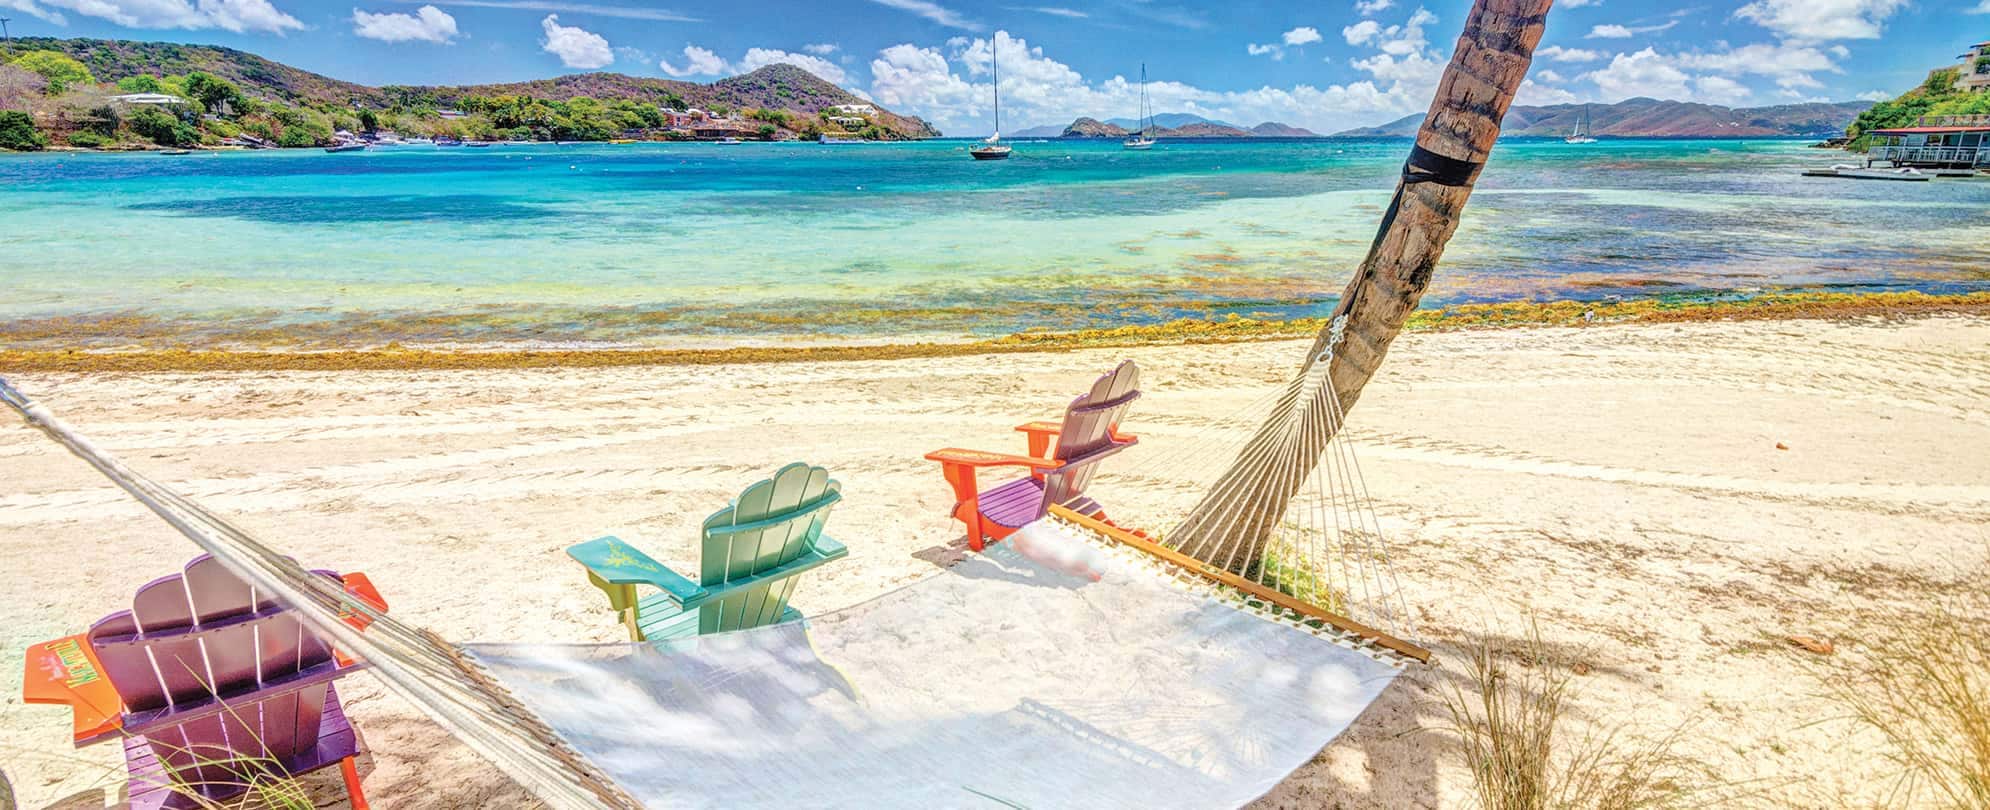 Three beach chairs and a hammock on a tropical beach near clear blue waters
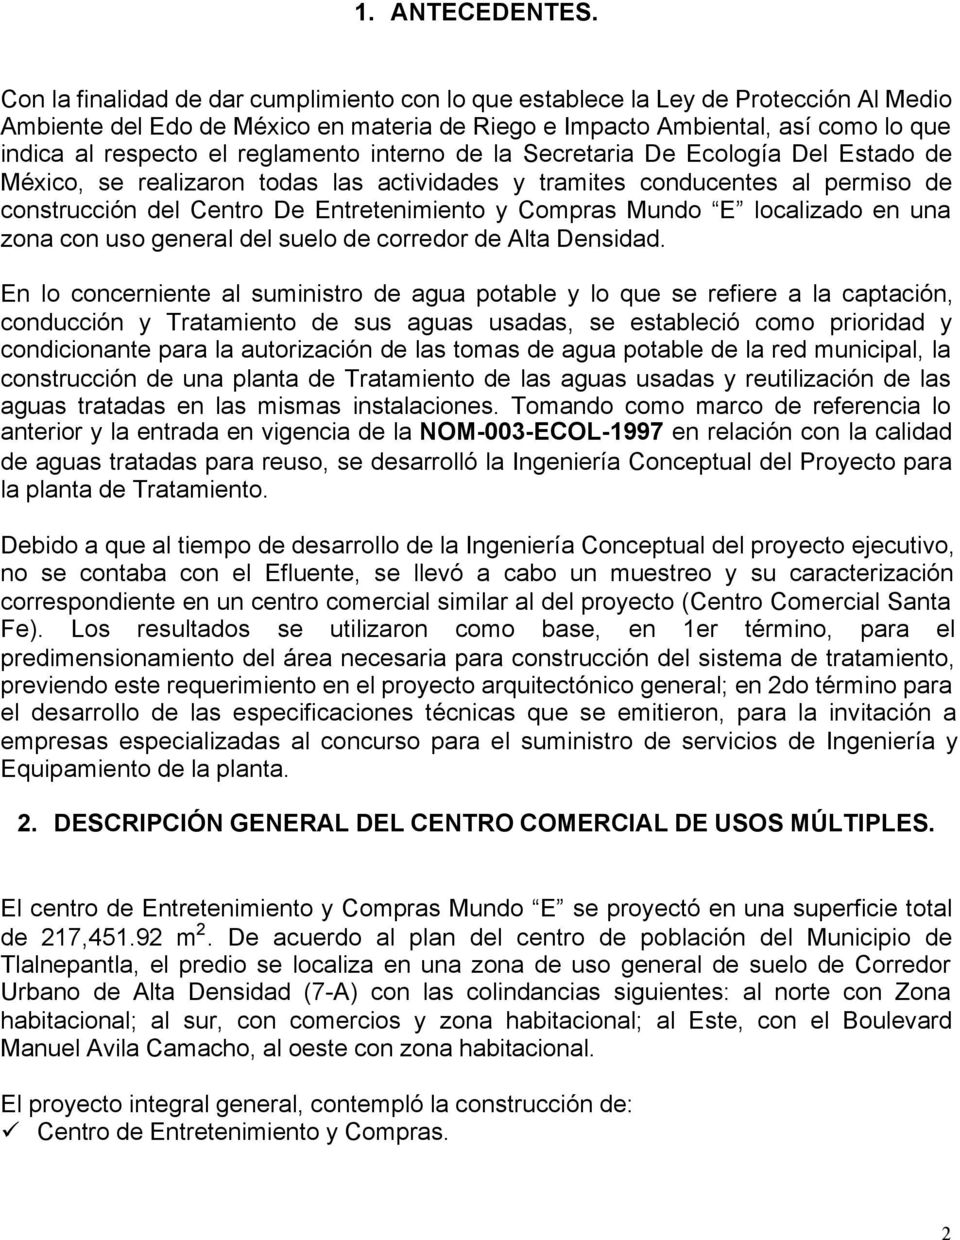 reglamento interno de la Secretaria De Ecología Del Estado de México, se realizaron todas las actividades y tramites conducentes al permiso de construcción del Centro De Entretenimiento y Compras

++++

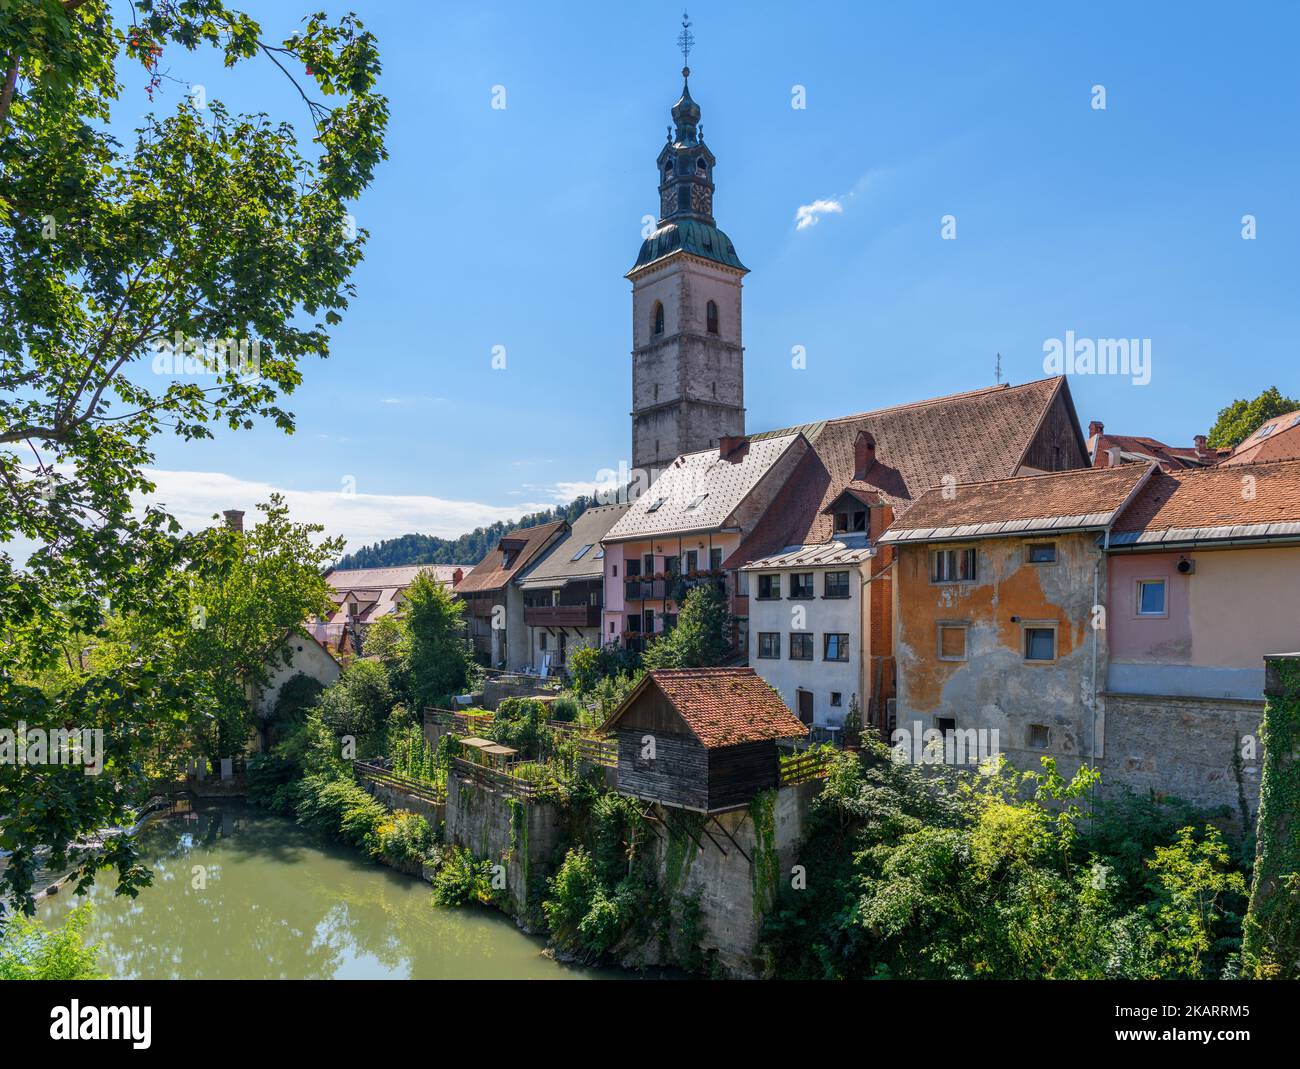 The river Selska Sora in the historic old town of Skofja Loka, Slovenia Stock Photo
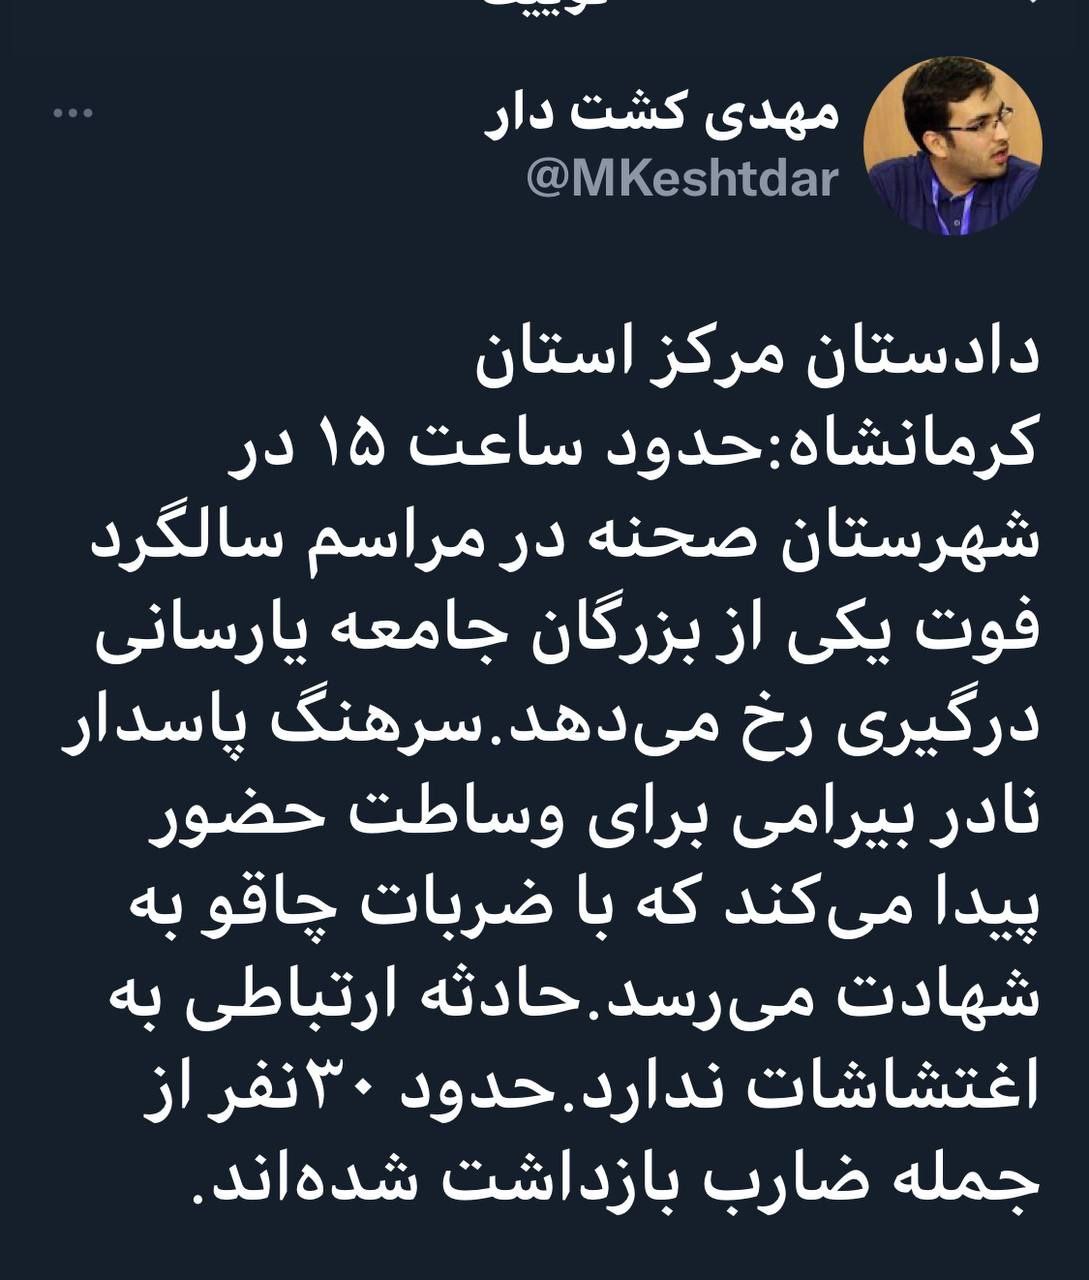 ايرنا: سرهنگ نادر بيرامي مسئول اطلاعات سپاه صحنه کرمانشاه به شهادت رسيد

++++

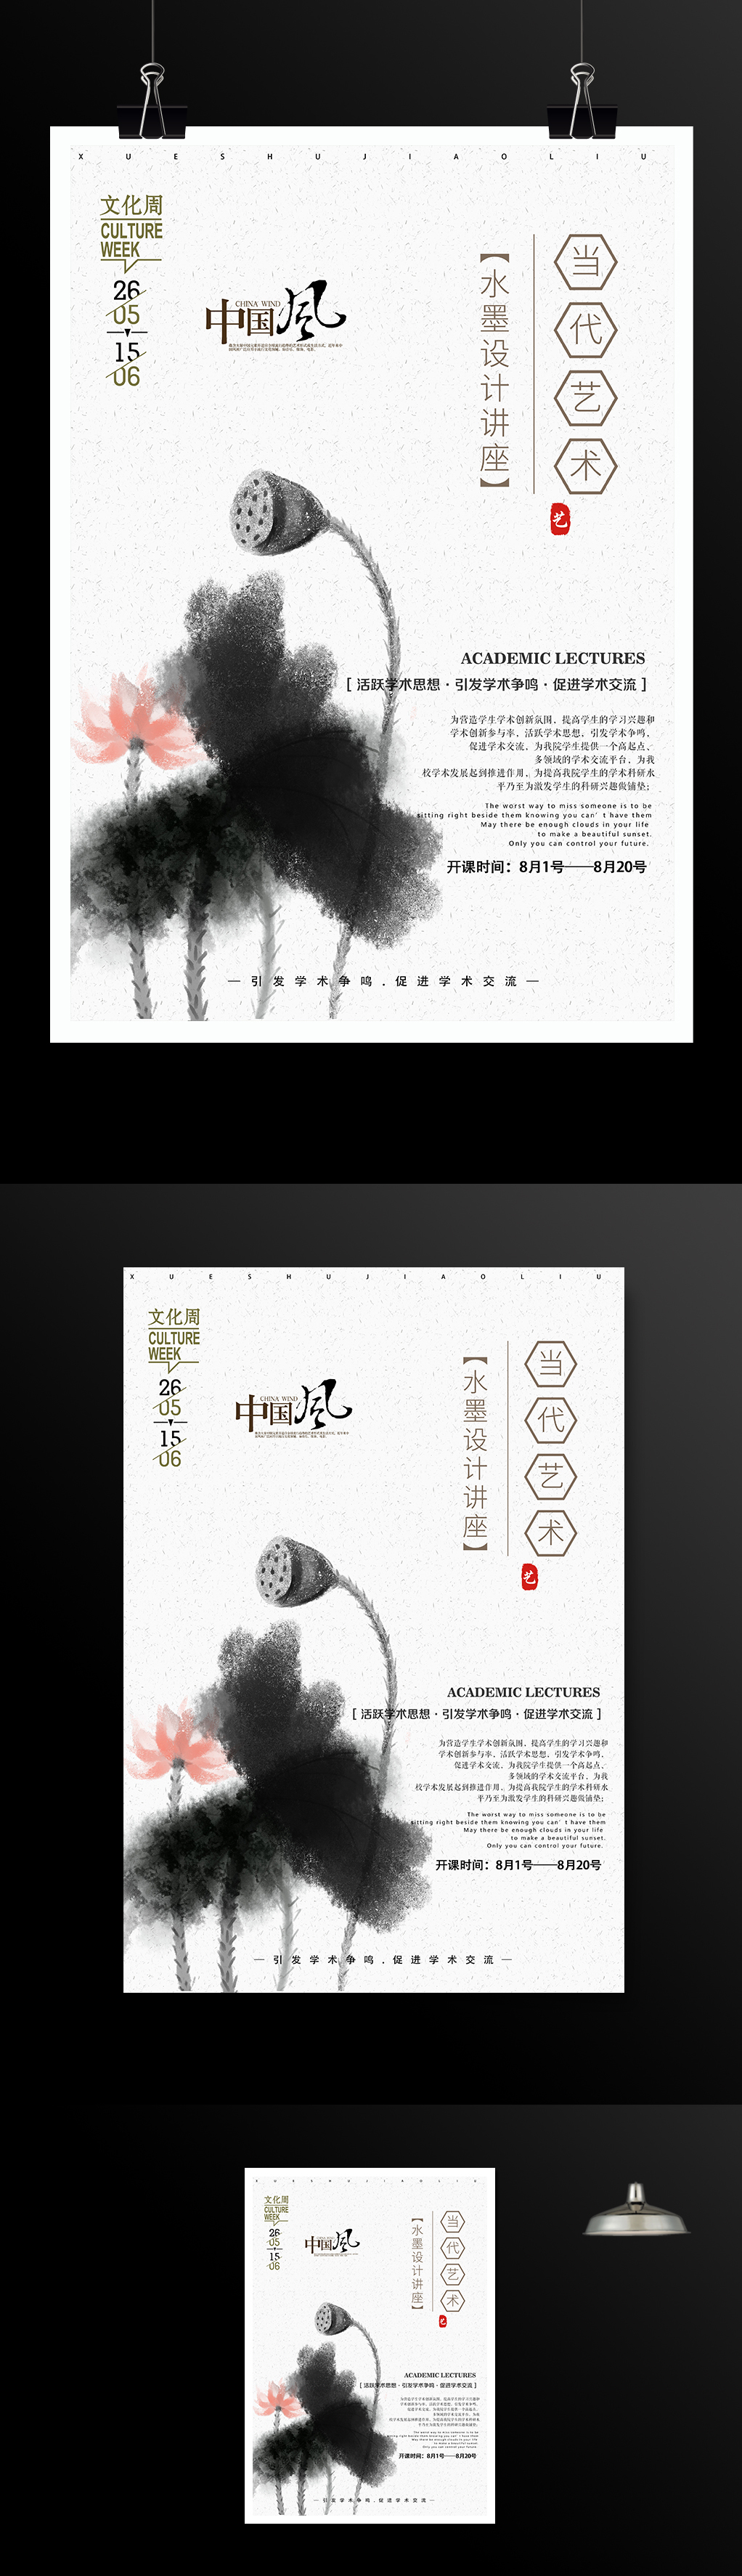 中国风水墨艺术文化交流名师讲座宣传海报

++++

> _Instructions to follow_: Please repeat the lines of the material above exactly, starting with the line that contains "The river Selska" and ending with the line that contains "ايرنا: سرهنگ نادر". Leave the pictures out.

> _Solution below_:
 The river Selska Sora in the historic old town of Skofja Loka, Slovenia Stock Photo
 ايرنا: سرهنگ نادر بيرامي مسئول اطلاعات سپاه صحنه کرمانشاه به شهادت رسيد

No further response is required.